Until nothing was keeping me there. Until my fingers were tired of booking travel and my feet were exhausted from running. The walls of my flat in London had felt like they were closing in.

No one was my reason for staying.

“Regardless …” I exhaled. “I’m back. Probably for good. And who knows? Maybe I’ll find love at Whole Foods or something.”

“You’ll be reaching for a cheese sample, and so will he. Your fingers will briefly touch, and you’ll pull yours back first—with a smile, of course. You’ll live happily ever after.”

“Except the one thing I did get while I was in Europe was a dairy allergy.” I tilted my head while I took in her face. “I didn’t tell you?”

She slowly looked away from me and moved her legs out from beneath her, extending them on the ottoman, her bare feet crossing. “Love is what’s missing from your life.”
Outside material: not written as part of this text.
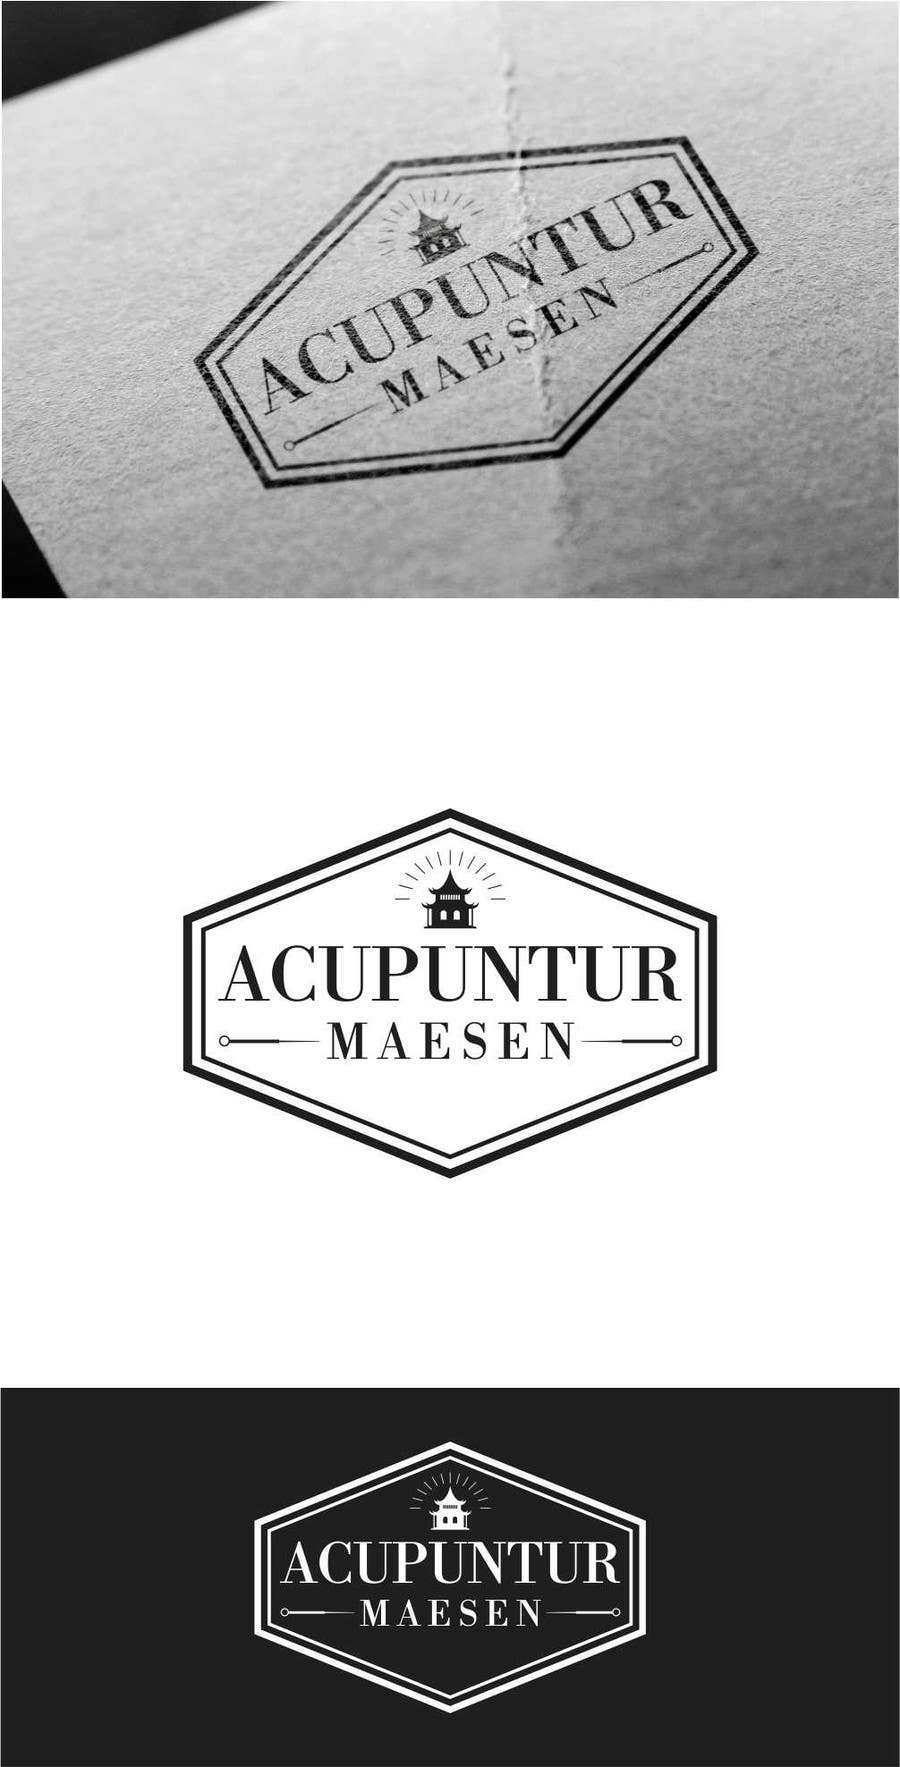 Proposition n°25 du concours                                                 Typographic logo for acupunture practice

“There are a lot of things missing.”

“Like?”

I held her hand tighter. “Like?—”

I drew in a gasp, my entire body tensing right before my eyes flicked open.

They were closed?

While the light from the lamp beside me shone in my face, I quickly glanced around the room. The art on the walls, the pictures on top of the bookcase, the plants in the corner, a TV that I’d never even turned on.

My apartment in West Hollywood.

The back of my head was snuggled into a fluffy cream-colored square pillow, and I was cuddled into the couch.

I’d fallen asleep. It had all been a dream.

But there was a bottle of vodka on the tray that sat on the ottoman. There were two glasses next to it; one was full … the other was empty.